━━ Supplied data ━━

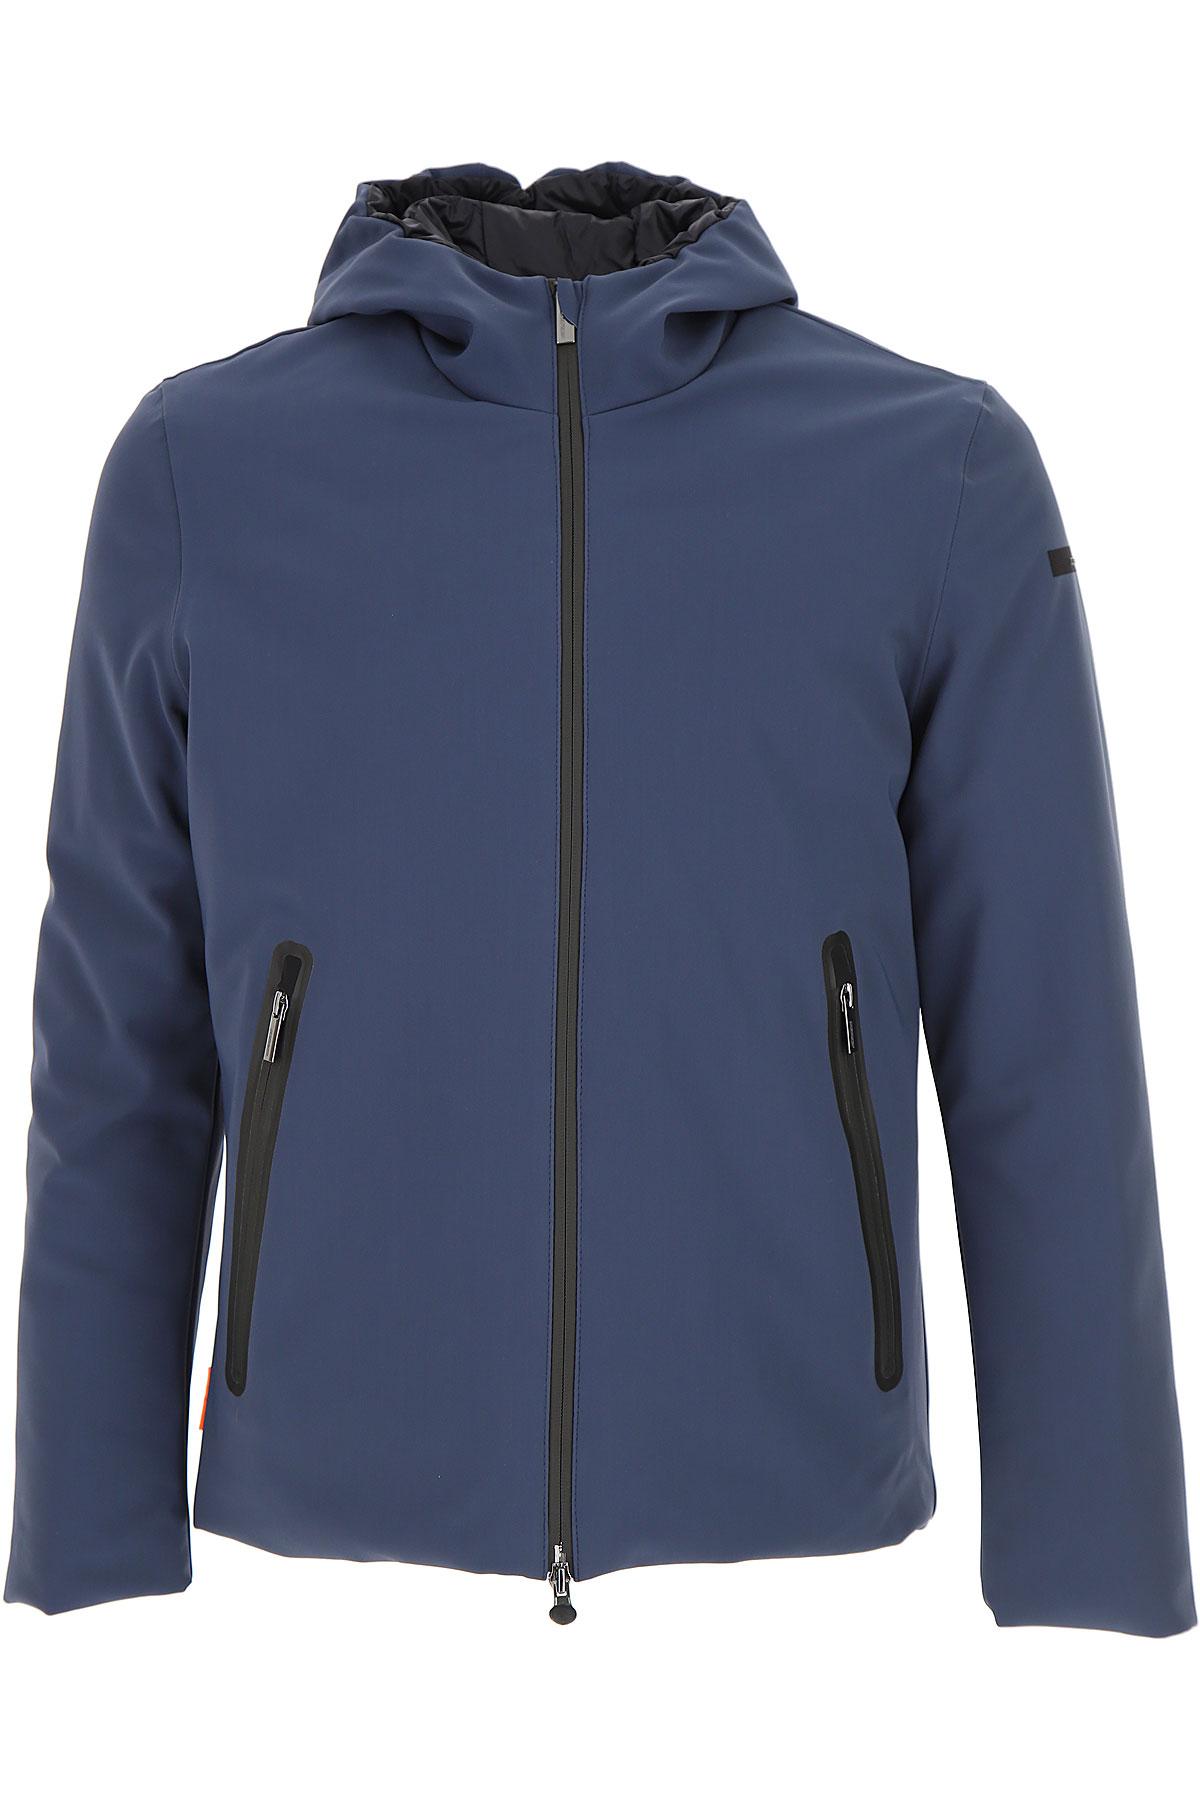 Image of RRD Down Jacket for Men, Puffer Ski Jacket, Avio Blue, polyester, 2017, L M XL
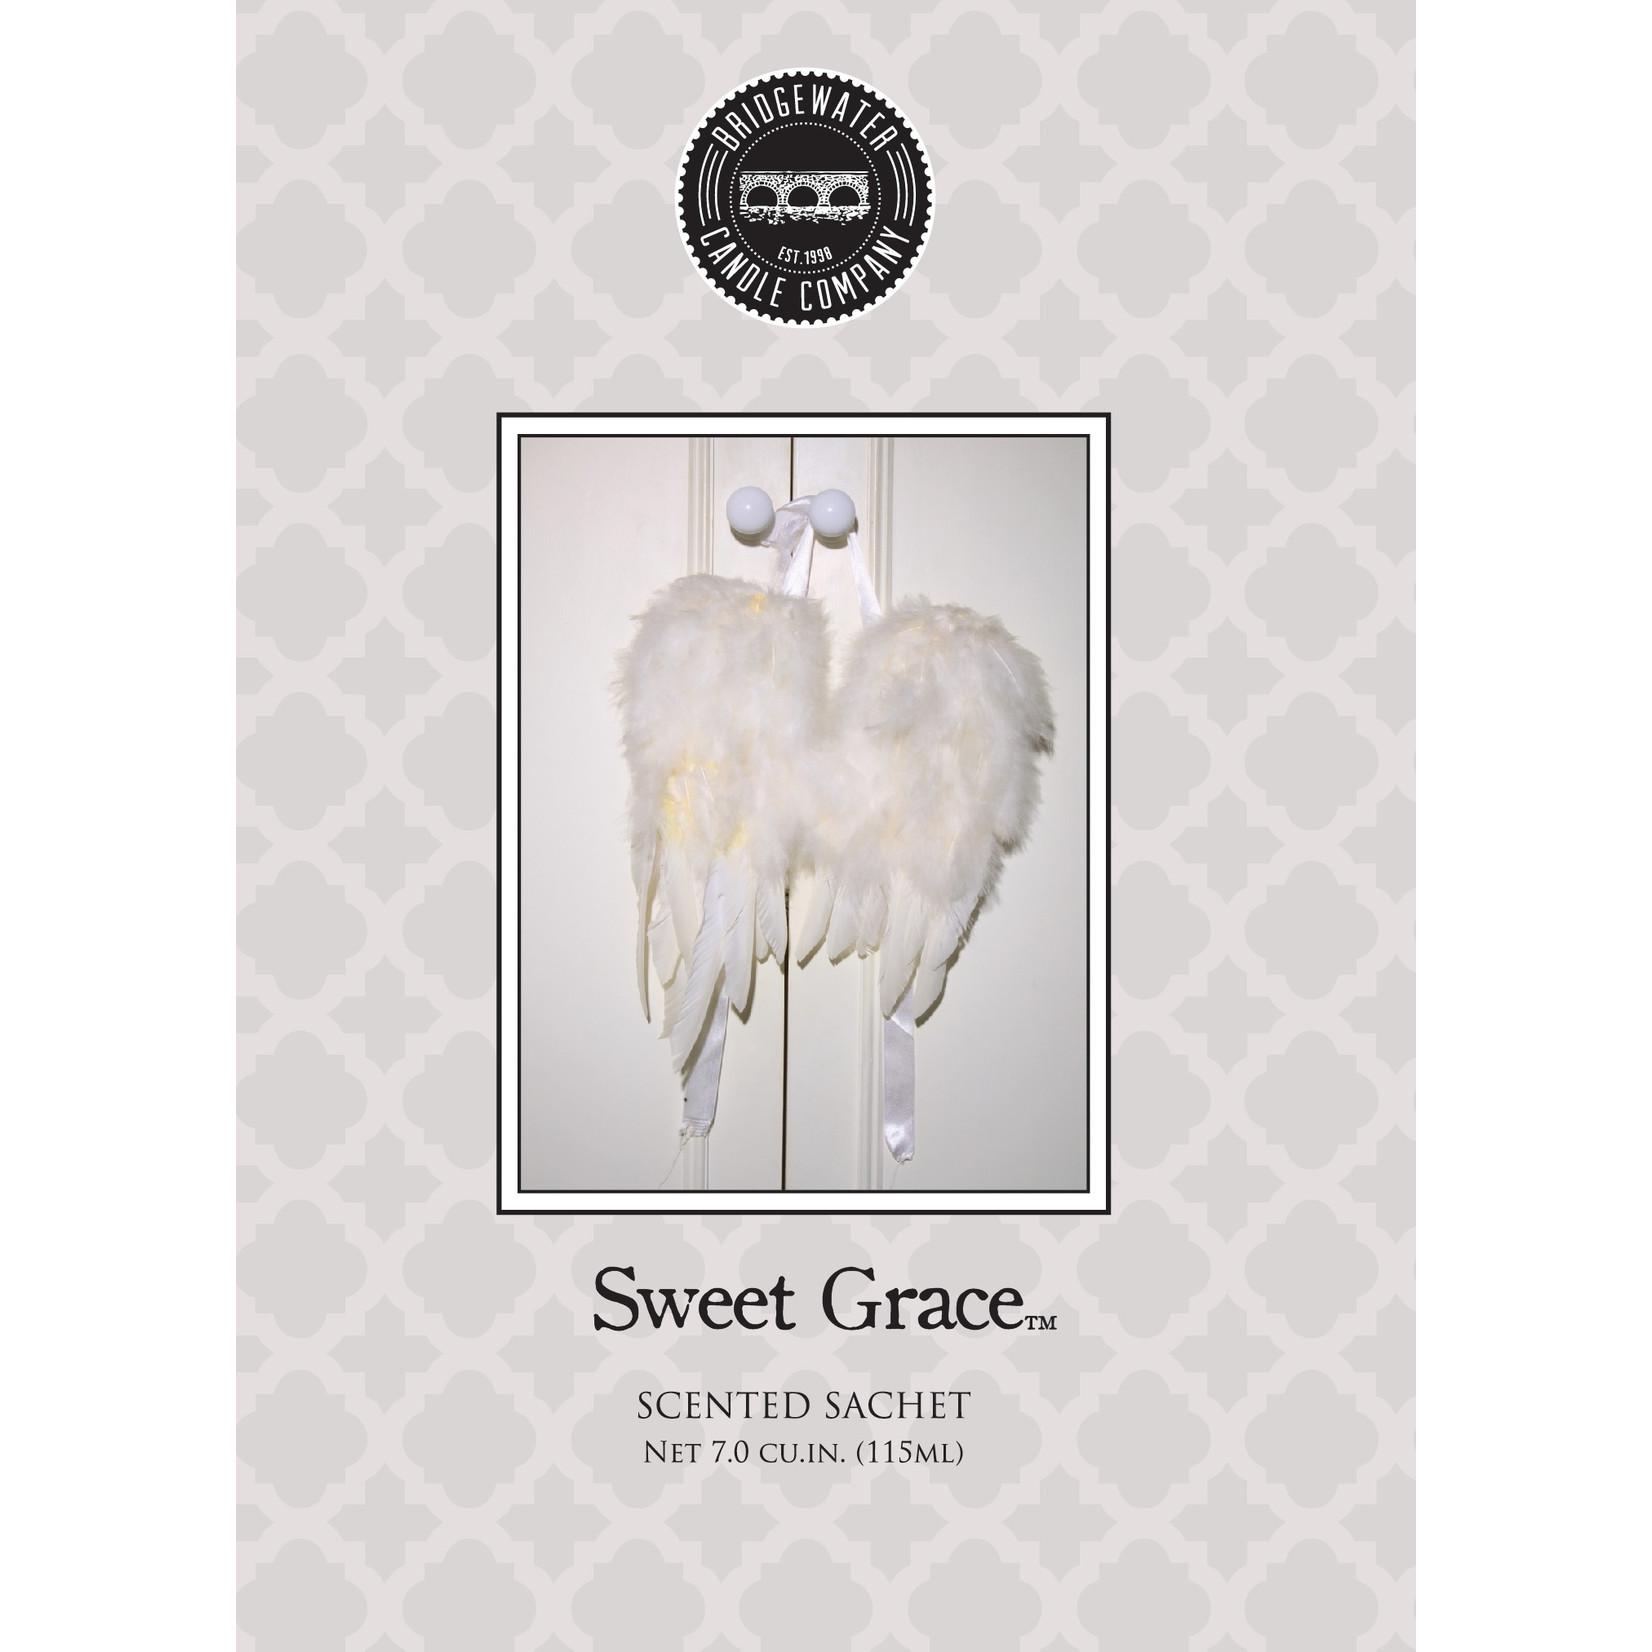 Bridgewater Scented Sachet / Geurzakje Sweet Grace
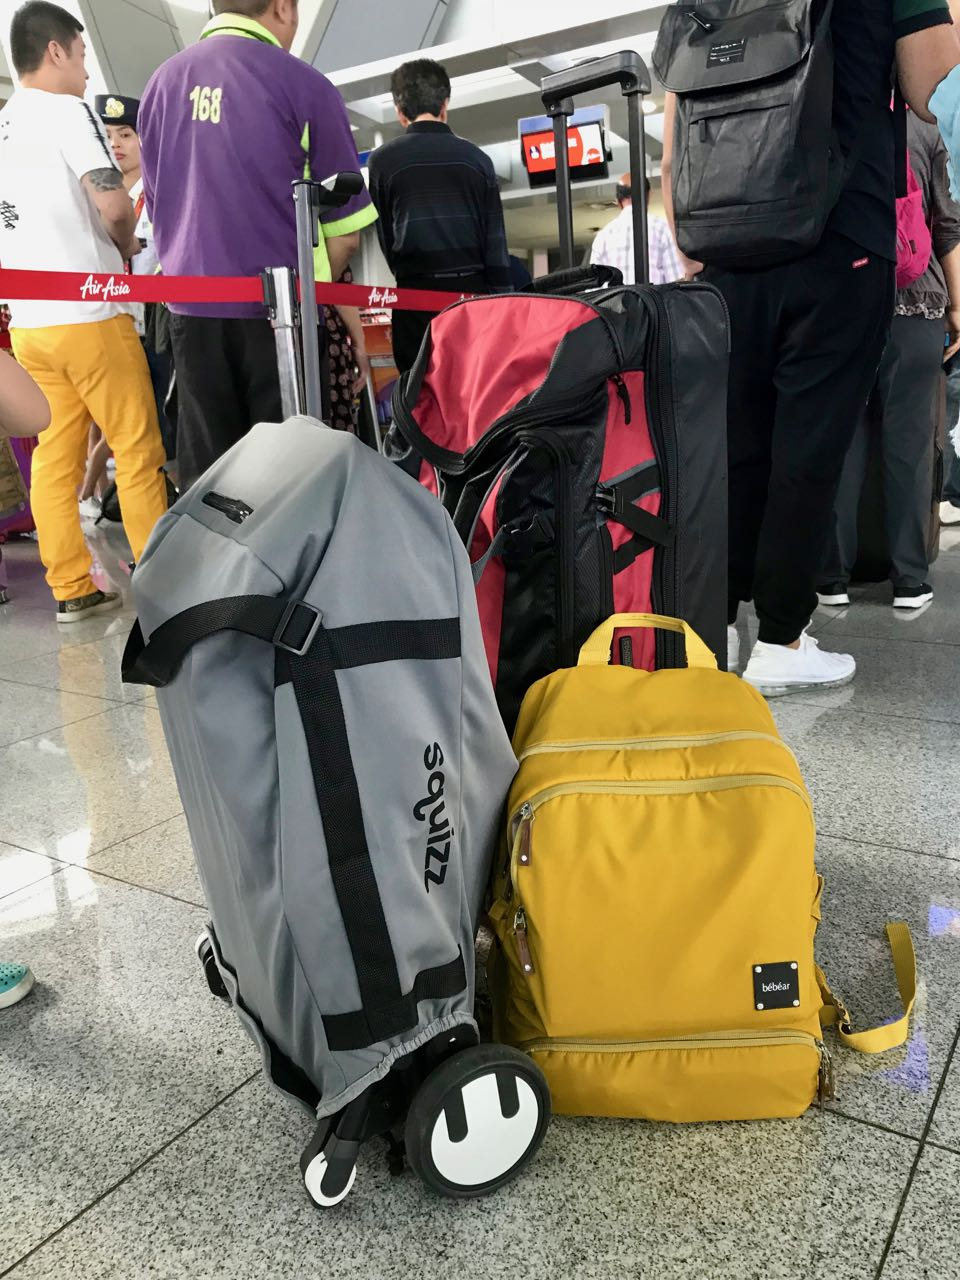 Gear - travel stroller, backpack, duffle bag
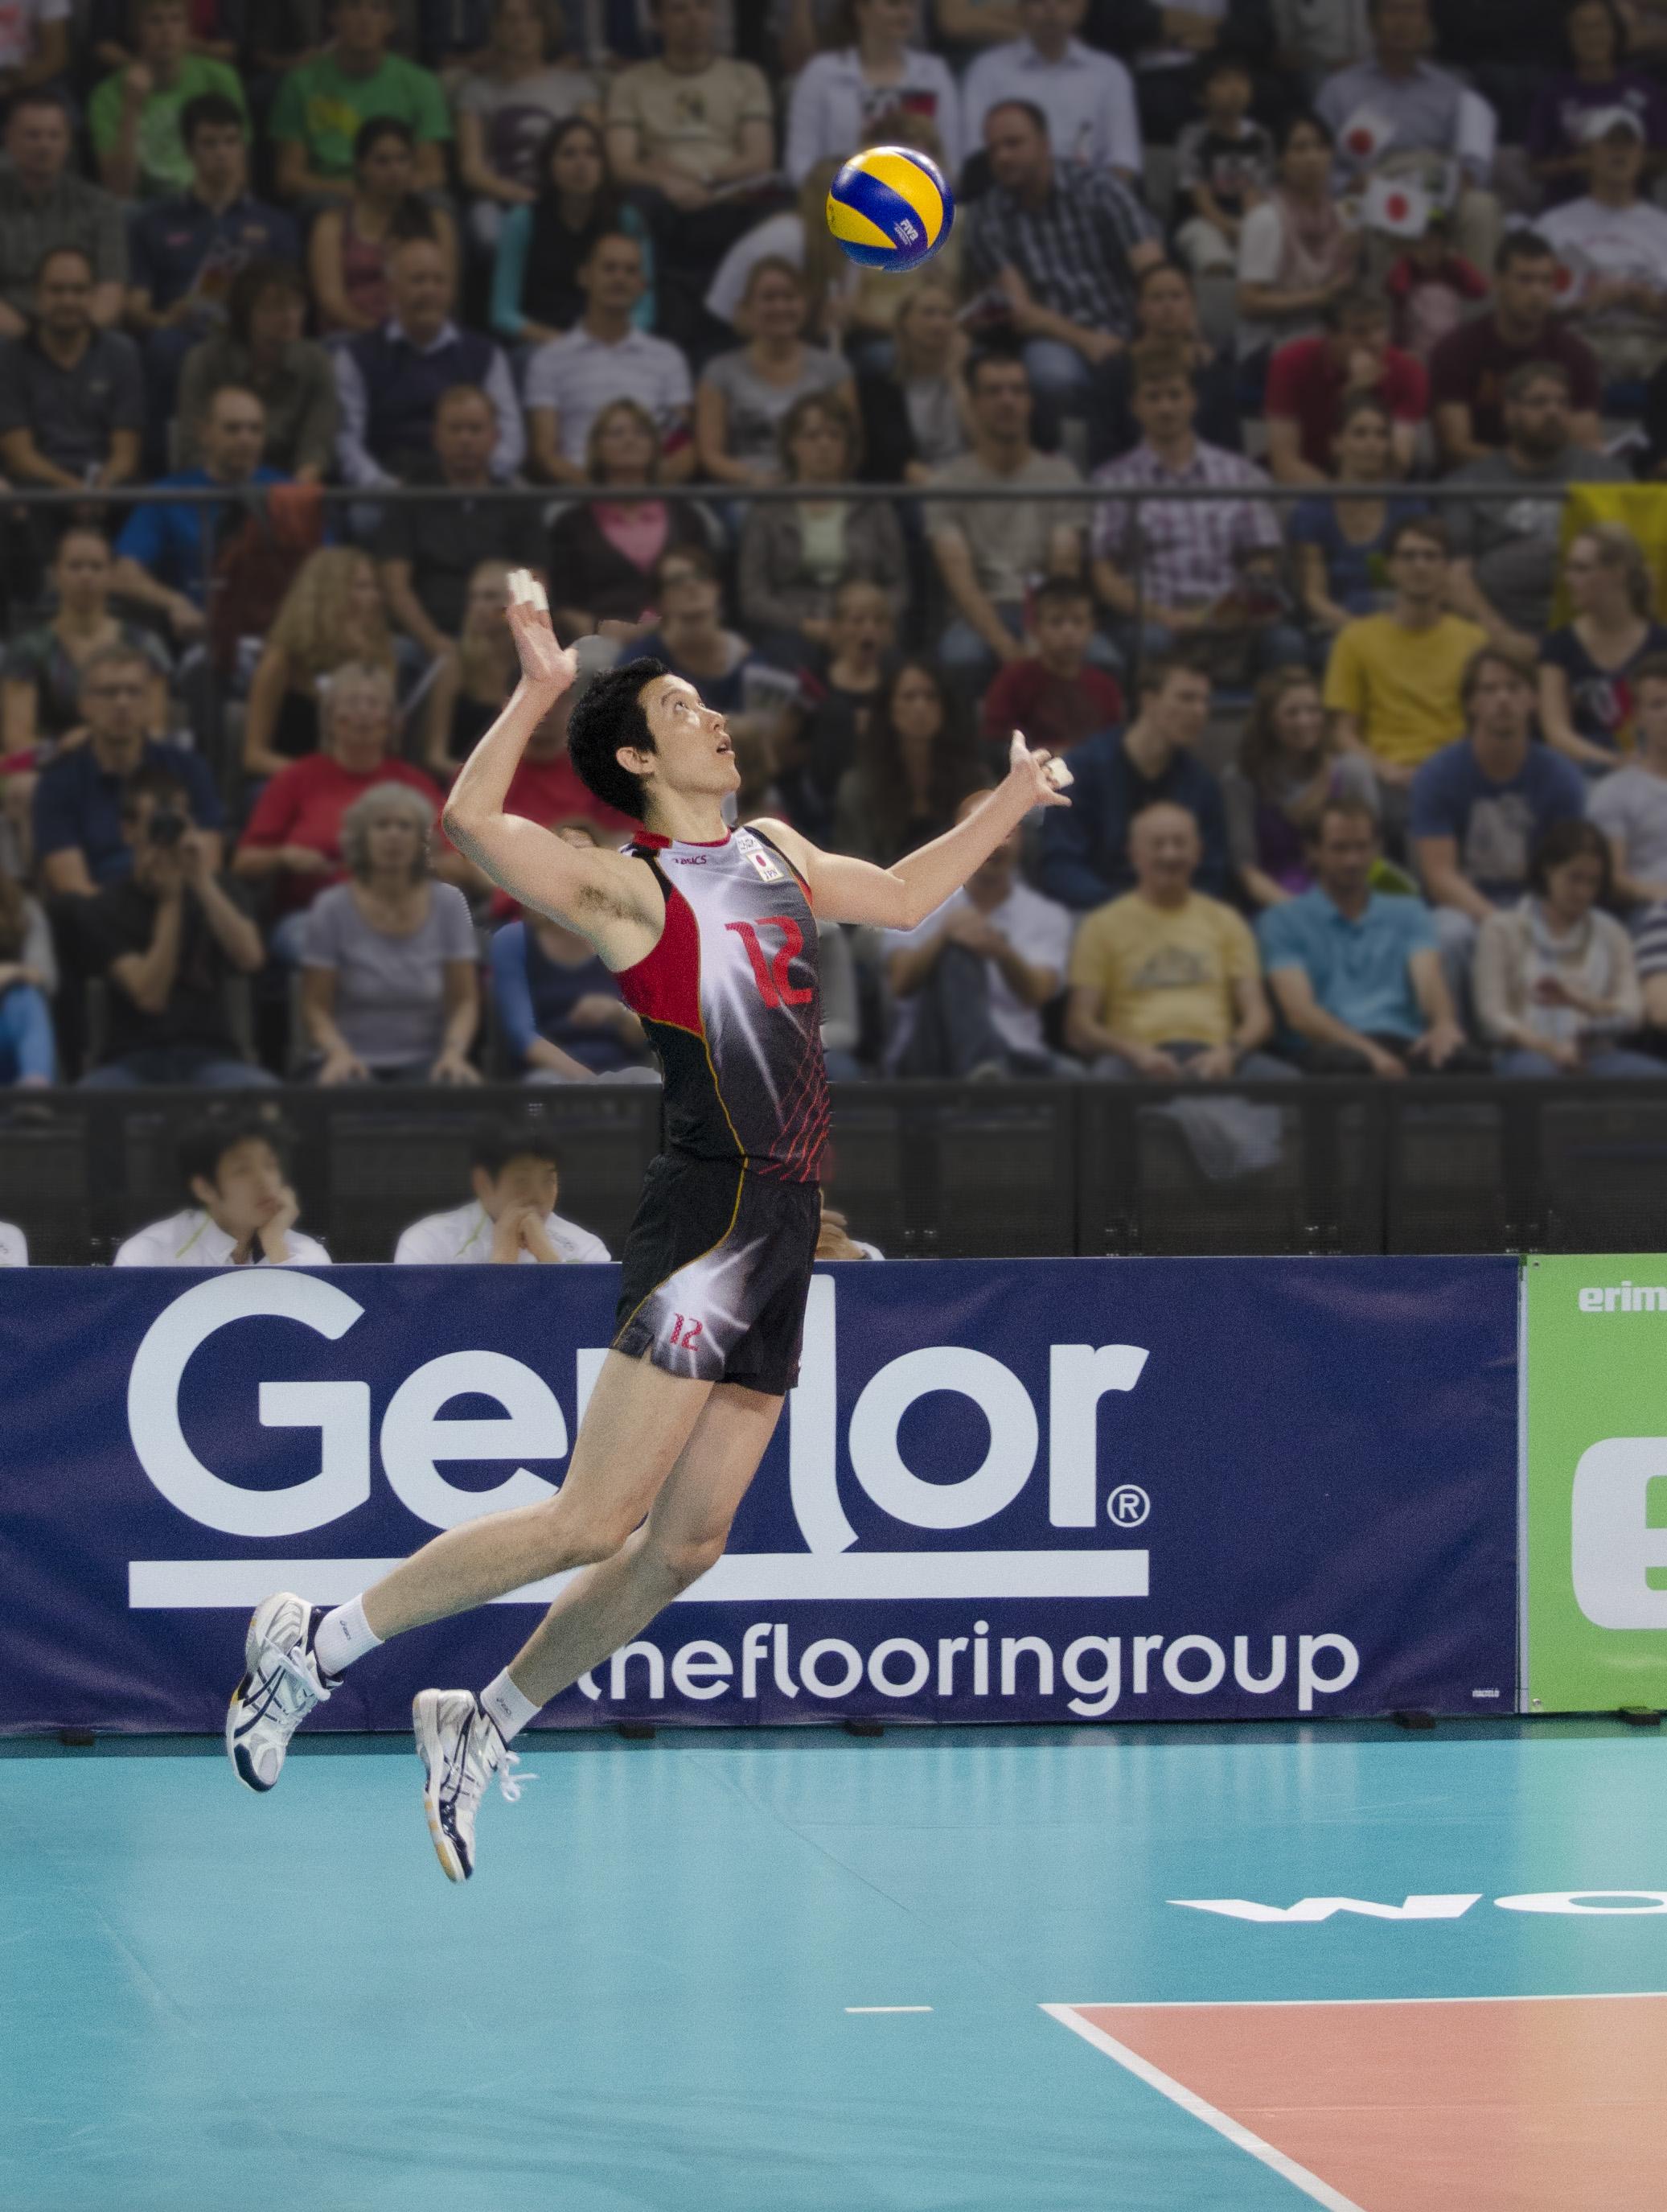 File:Volleyball Sprungaufschlag.jpg - Wikimedia Commons

━━━

- _What you will do_
If the data includes images, skip them and copy every line exactly.

- _Solution below_
 Image of RRD Down Jacket for Men, Puffer Ski Jacket, Avio Blue, polyester, 2017, L M XL
 Bridgewater Scented Sachet / Geurzakje Sweet Grace
 Gear - travel stroller, backpack, duffle bag
 File:Volleyball Sprungaufschlag.jpg - Wikimedia Commons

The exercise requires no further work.